Küçük Emine Ela, Yapar Kürşad, Küçük Dilek, Küçük Doğan
Department of Public Health, Faculty of Health Sciences, Giresun University, Giresun, Turkey.
Department of Medical Pharmacology, Faculty of Medicine, Giresun University, Giresun, Turkey.
Comput Biol Med. 2017 Apr 1;83:1-9. doi: 10.1016/j.compbiomed.2017.02.001. Epub 2017 Feb 4.
Social media analysis, such as the analysis of tweets, is a promising research topic for tracking public health concerns including epidemics. In this paper, we present an ontology-based approach to automatically identify public health-related Turkish tweets. The system is based on a public health ontology that we have constructed through a semi-automated procedure. The ontology concepts are expanded through a linguistically motivated relaxation scheme as the last stage of ontology development, before being integrated into our system to increase its coverage. The ultimate lexical resource which includes the terms corresponding to the ontology concepts is used to filter the Twitter stream so that a plausible tweet subset, including mostly public-health related tweets, can be obtained. Experiments are carried out on two million genuine tweets and promising precision rates are obtained. Also implemented within the course of the current study is a Web-based interface, to track the results of this identification system, to be used by the related public health staff. Hence, the current social media analysis study has both technical and practical contributions to the significant domain of public health.
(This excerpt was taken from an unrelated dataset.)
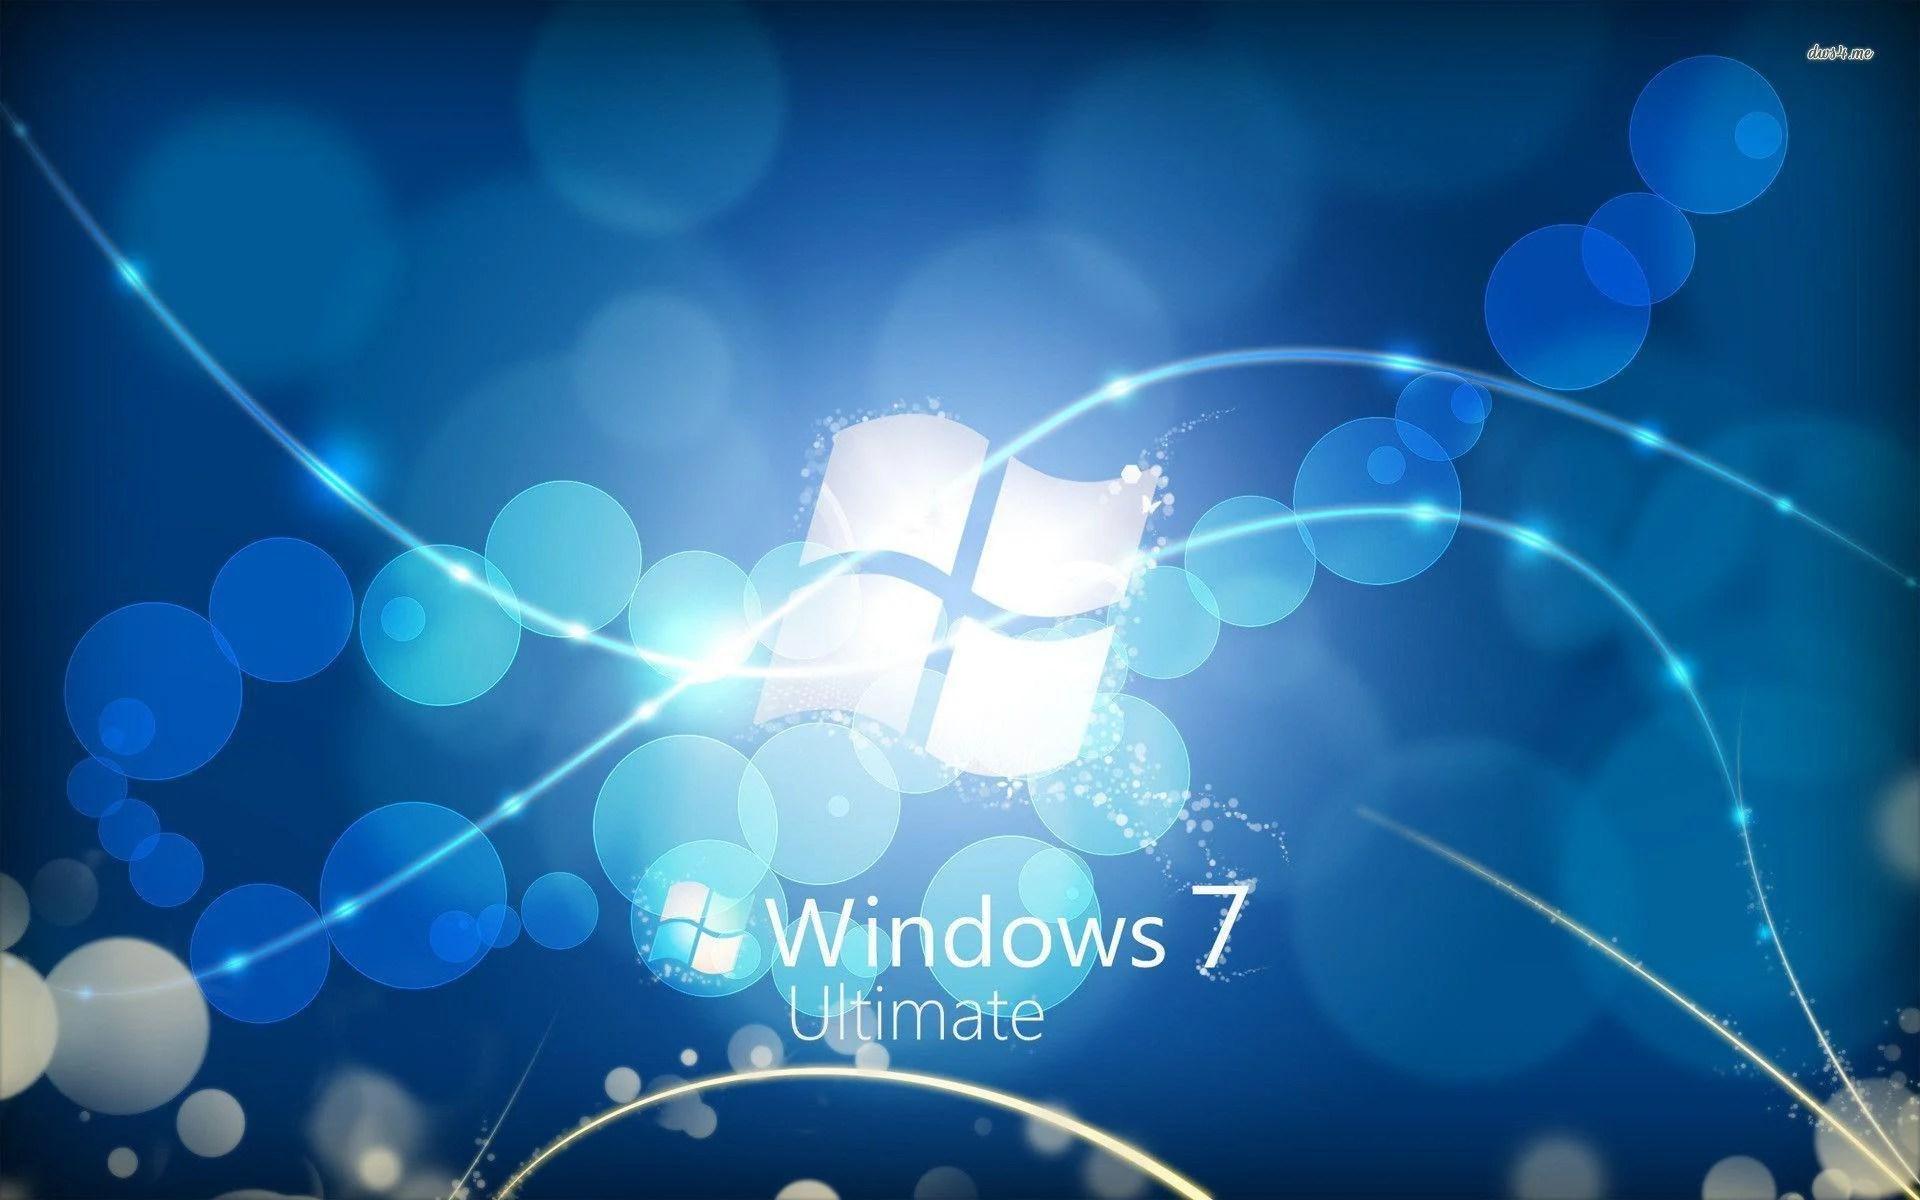 Windows 7 Ultimate Wallpaper 3d Windows 7 Ultimate Backgrounds Wallpaper Cave

社交媒体分析,比如对推文的分析,是一个很有前景的研究课题,可用于追踪包括流行病在内的公众健康问题。在本文中,我们提出一种基于本体的方法来自动识别与土耳其公共卫生相关的推文。该系统基于我们通过半自动程序构建的公共卫生本体。在本体开发的最后阶段,通过一种基于语言学的松弛方案来扩展本体概念,然后将其集成到我们的系统中以增加其覆盖范围。包含与本体概念相对应术语的最终词汇资源用于过滤推特流,从而获得一个合理的推文子集,其中大部分是与公共卫生相关的推文。我们对两百万条真实推文进行了实验,并获得了可观的精确率。在当前研究过程中还实现了一个基于网络的界面,供相关公共卫生人员使用,以追踪这个识别系统的结果。因此,当前的社交媒体分析研究对公共卫生这一重要领域既有技术贡献,也有实际贡献。